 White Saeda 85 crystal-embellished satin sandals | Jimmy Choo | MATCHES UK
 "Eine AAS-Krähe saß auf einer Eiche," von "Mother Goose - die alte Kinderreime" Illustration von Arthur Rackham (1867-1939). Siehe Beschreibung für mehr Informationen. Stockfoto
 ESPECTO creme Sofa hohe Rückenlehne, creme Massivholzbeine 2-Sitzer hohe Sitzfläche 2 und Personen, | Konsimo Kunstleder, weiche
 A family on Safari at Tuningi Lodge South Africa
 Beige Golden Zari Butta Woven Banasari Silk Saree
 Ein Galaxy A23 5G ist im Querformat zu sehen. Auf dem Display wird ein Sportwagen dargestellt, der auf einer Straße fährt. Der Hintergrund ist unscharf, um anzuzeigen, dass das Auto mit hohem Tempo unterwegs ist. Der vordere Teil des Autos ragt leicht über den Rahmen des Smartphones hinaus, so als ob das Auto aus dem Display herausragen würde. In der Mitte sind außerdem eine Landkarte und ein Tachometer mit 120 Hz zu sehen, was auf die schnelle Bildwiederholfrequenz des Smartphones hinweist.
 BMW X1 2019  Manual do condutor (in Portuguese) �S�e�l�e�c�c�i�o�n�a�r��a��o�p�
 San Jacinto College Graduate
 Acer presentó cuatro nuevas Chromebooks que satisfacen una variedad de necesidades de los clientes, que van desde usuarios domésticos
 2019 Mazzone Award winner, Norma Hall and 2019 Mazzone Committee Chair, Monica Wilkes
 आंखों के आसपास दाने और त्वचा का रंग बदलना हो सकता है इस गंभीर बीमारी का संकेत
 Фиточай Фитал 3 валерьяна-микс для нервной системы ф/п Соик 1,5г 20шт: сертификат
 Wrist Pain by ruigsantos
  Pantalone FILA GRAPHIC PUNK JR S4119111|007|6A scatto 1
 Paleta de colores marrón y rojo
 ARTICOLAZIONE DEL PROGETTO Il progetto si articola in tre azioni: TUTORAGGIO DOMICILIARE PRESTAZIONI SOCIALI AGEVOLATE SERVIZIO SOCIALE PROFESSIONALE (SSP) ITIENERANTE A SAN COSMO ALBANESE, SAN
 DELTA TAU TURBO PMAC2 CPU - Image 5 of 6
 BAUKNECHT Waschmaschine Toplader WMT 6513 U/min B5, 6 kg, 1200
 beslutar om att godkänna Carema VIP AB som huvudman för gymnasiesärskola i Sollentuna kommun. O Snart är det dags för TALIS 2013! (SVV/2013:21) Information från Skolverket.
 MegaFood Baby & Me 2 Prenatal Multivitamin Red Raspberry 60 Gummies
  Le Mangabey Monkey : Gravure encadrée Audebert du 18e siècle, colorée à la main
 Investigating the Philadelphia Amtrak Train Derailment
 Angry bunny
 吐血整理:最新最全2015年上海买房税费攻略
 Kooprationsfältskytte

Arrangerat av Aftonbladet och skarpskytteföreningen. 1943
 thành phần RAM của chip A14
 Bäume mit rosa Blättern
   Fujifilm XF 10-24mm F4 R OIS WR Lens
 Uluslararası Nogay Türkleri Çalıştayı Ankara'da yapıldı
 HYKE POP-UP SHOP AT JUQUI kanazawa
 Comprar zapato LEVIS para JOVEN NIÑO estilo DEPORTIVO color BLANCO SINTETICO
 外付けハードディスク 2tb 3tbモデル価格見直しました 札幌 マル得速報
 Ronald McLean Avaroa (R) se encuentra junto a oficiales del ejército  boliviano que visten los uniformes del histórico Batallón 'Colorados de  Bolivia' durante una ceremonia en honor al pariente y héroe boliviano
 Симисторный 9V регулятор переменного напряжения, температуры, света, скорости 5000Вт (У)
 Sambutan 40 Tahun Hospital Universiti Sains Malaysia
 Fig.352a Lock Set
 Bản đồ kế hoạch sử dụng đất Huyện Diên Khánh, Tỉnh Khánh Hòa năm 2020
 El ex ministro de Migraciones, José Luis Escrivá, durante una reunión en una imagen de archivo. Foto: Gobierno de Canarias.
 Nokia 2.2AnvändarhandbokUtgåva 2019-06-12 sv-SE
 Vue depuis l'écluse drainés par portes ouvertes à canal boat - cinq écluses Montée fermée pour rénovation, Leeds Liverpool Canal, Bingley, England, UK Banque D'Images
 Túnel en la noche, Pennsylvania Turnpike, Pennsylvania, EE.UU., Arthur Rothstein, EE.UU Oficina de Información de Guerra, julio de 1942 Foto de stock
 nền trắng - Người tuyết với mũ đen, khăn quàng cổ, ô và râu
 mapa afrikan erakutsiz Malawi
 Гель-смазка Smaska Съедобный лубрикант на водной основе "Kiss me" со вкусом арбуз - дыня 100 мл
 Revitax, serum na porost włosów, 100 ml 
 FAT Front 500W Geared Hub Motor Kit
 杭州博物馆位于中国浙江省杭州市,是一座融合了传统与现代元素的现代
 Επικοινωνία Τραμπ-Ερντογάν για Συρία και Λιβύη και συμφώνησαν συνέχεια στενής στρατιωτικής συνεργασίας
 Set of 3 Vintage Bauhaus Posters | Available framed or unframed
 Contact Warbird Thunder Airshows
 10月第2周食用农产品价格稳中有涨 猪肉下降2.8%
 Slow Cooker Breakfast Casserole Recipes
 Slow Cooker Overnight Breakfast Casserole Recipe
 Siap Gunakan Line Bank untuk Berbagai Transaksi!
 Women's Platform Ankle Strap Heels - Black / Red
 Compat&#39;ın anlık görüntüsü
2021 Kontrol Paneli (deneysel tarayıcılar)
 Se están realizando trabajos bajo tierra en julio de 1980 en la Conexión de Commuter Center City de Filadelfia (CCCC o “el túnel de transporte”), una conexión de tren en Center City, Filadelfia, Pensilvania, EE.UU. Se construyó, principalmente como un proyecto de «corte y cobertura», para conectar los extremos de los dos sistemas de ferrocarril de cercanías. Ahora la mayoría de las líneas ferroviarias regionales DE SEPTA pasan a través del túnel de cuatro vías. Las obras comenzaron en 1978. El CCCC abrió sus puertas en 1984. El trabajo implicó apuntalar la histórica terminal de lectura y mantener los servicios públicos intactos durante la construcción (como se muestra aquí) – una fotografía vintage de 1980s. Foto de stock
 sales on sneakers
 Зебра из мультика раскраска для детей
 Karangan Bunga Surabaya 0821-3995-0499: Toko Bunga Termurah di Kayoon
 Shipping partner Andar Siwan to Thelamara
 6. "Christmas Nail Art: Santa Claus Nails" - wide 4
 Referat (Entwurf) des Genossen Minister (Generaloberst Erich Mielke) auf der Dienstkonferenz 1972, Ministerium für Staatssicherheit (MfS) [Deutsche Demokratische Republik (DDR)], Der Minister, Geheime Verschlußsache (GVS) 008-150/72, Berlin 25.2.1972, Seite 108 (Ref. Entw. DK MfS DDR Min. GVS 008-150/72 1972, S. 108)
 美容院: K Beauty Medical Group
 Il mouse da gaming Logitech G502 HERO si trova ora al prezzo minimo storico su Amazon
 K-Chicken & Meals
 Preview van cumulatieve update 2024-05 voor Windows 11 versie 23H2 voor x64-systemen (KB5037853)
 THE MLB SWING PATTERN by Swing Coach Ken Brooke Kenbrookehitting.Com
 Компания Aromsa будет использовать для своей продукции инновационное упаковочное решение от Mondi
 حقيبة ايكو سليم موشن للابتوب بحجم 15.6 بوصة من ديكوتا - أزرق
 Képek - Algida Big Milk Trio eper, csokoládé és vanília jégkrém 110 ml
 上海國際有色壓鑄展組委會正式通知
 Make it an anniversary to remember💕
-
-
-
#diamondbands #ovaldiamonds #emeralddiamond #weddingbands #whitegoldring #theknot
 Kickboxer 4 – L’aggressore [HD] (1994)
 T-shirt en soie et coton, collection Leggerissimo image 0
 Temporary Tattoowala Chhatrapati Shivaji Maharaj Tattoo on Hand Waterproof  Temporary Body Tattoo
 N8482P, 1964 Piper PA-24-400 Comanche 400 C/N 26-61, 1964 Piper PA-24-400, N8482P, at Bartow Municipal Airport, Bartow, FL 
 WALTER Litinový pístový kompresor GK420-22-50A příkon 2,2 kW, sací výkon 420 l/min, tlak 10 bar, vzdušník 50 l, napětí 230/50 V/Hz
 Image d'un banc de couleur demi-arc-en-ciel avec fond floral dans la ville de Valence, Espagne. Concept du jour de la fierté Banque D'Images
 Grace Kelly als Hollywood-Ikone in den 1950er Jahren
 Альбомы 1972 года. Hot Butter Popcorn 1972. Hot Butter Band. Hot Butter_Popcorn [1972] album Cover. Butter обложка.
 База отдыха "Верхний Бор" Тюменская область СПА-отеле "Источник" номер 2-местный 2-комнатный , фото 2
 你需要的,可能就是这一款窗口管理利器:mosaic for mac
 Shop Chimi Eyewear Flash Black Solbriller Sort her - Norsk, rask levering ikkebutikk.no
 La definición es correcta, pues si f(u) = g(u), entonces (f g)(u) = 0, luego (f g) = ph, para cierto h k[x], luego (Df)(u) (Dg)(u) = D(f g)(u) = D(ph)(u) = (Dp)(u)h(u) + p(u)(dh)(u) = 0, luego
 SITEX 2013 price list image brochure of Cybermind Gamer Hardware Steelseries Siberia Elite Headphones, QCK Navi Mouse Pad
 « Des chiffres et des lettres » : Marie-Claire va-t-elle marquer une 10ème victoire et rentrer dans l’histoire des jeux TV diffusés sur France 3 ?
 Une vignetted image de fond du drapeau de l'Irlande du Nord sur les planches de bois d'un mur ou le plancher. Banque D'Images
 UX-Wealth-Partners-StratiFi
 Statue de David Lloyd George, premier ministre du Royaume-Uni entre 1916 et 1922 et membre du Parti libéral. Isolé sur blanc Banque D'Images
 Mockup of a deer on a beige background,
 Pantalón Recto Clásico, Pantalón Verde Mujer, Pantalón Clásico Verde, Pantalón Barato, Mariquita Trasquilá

* * * *

▸ What the task asks: From the records above, retype only the lines starting at the line that contains "Paleta de colores marrón y rojo" and ending at the line that contains "Le Mangabey Monkey", both included.

▸ Task output:
 Paleta de colores marrón y rojo
 ARTICOLAZIONE DEL PROGETTO Il progetto si articola in tre azioni: TUTORAGGIO DOMICILIARE PRESTAZIONI SOCIALI AGEVOLATE SERVIZIO SOCIALE PROFESSIONALE (SSP) ITIENERANTE A SAN COSMO ALBANESE, SAN
 DELTA TAU TURBO PMAC2 CPU - Image 5 of 6
 BAUKNECHT Waschmaschine Toplader WMT 6513 U/min B5, 6 kg, 1200
 beslutar om att godkänna Carema VIP AB som huvudman för gymnasiesärskola i Sollentuna kommun. O Snart är det dags för TALIS 2013! (SVV/2013:21) Information från Skolverket.
 MegaFood Baby & Me 2 Prenatal Multivitamin Red Raspberry 60 Gummies
  Le Mangabey Monkey : Gravure encadrée Audebert du 18e siècle, colorée à la main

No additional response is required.